╭─ Information shown
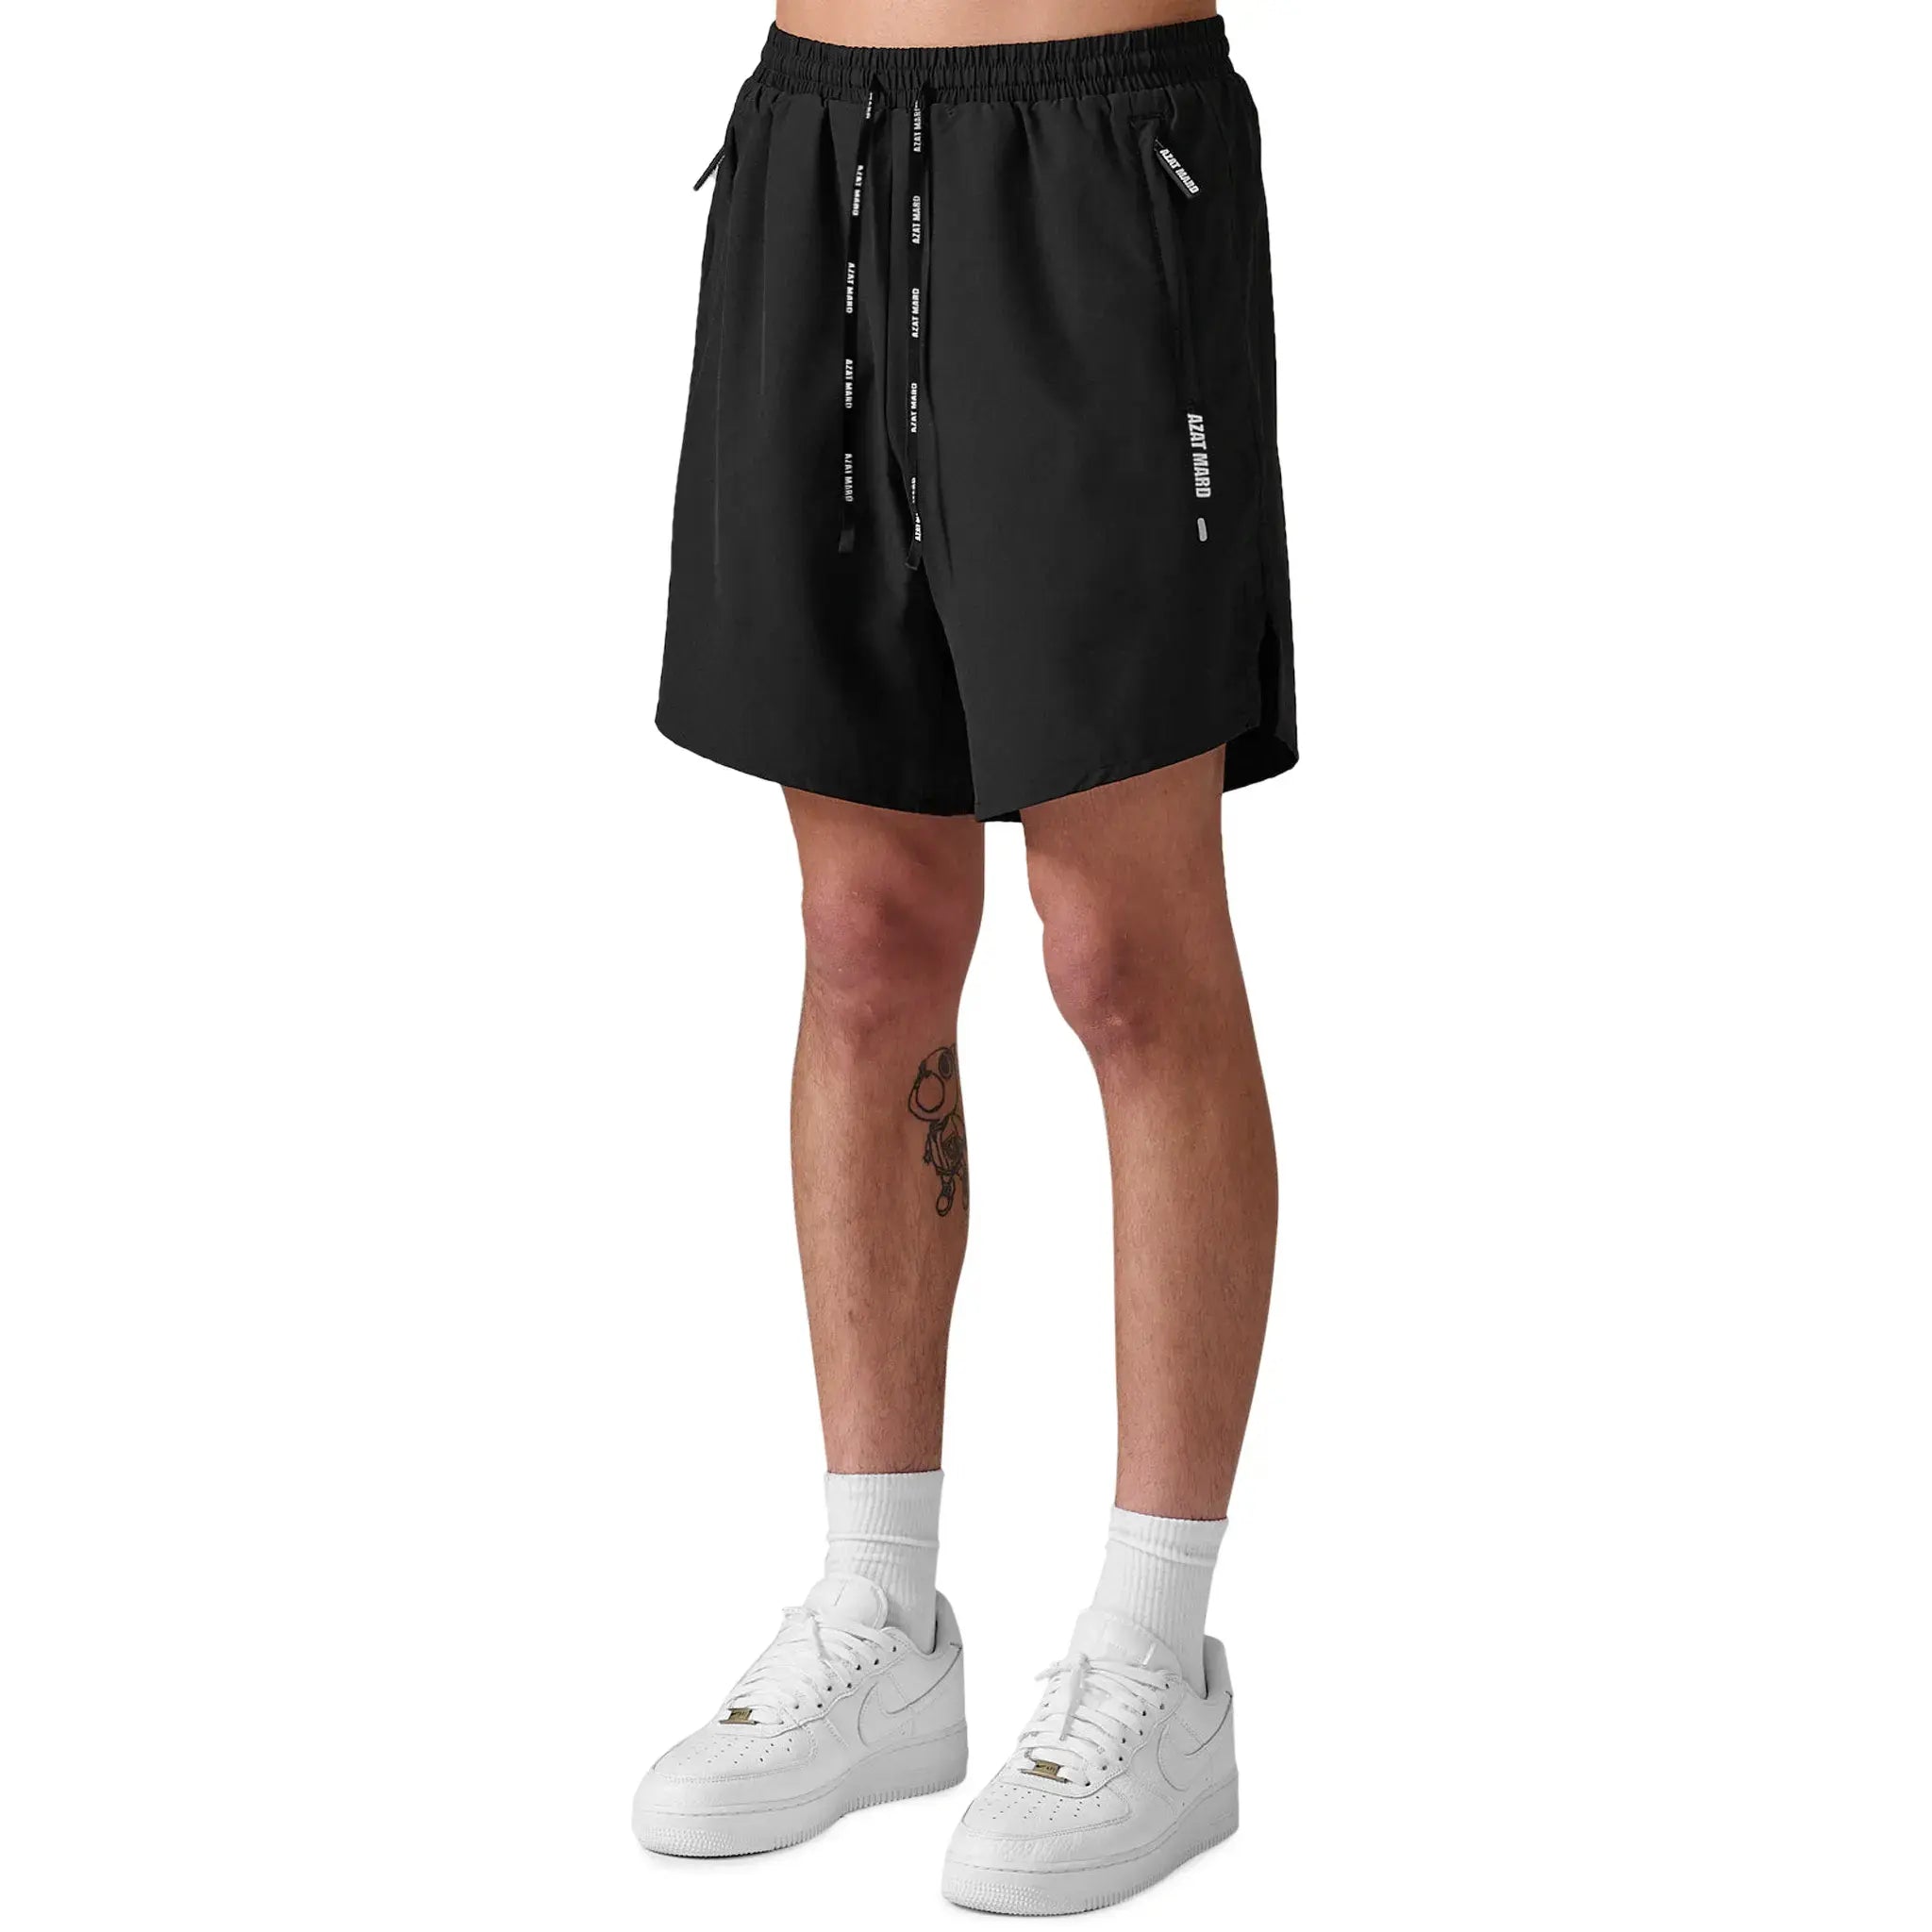 Model side view of Azat Mard Activewear Shorts Black FW22101
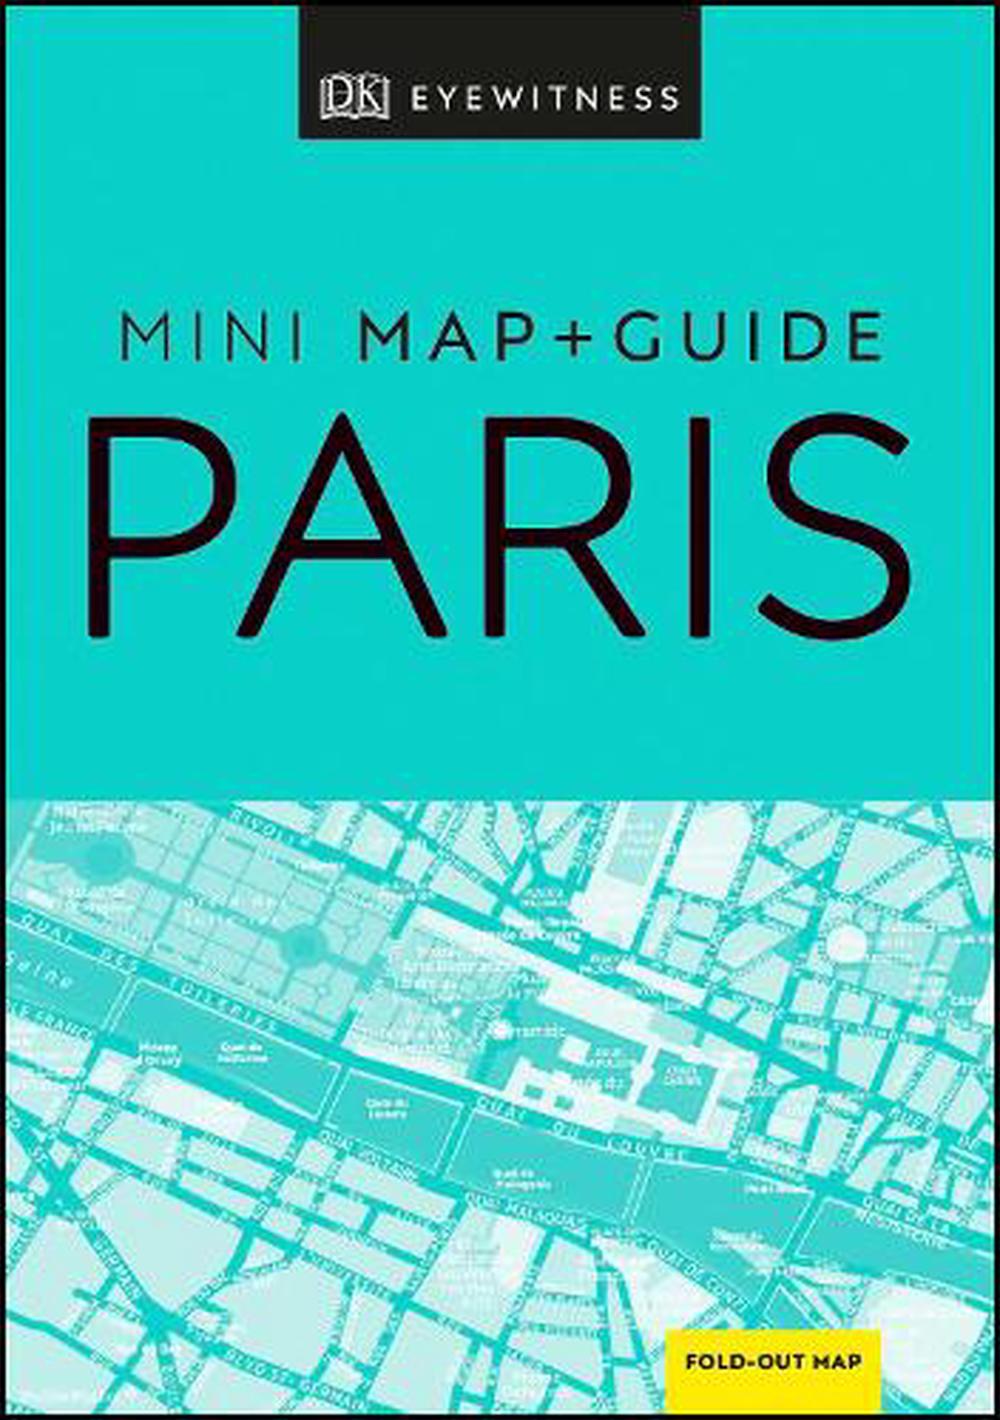 Map　online　and　DK　The　by　Paris　Eyewitness,　Paperback,　9780241397756　Eyewitness　at　Nile　Mini　DK　Guide　Buy
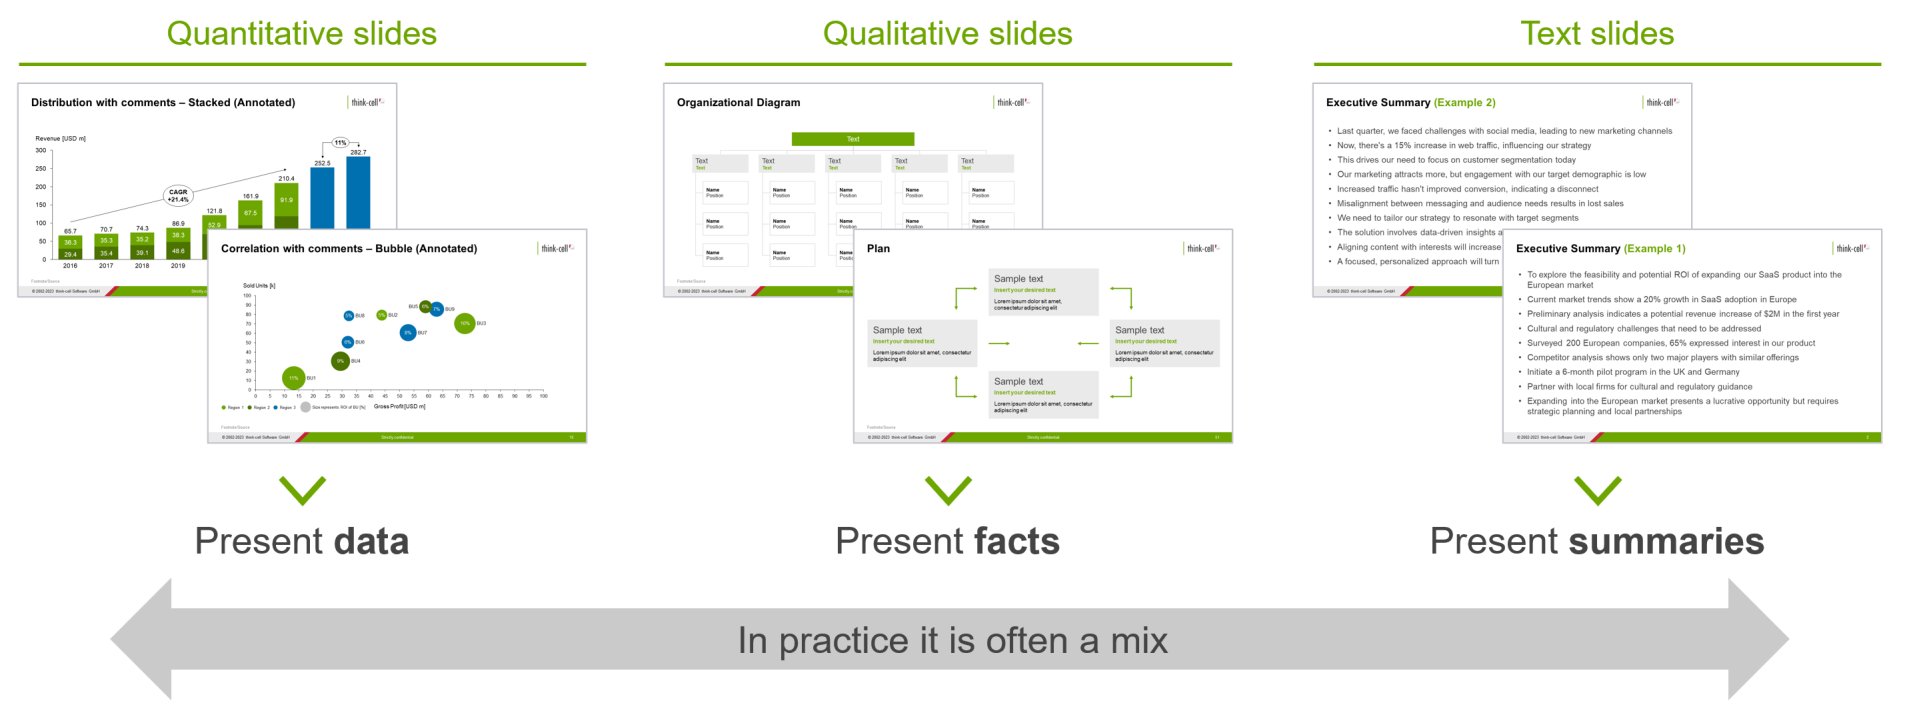 Qualitative, quantitative and text slide types in a presentation.
╰─
Leaving the pictures out, write out all the material above exactly.

 Model side view of Azat Mard Activewear Shorts Black FW22101
 Map　online　and　DK　The　by　Paris　Eyewitness,　Paperback,　9780241397756　Eyewitness　at　Nile　Mini　DK　Guide　Buy
 Qualitative, quantitative and text slide types in a presentation.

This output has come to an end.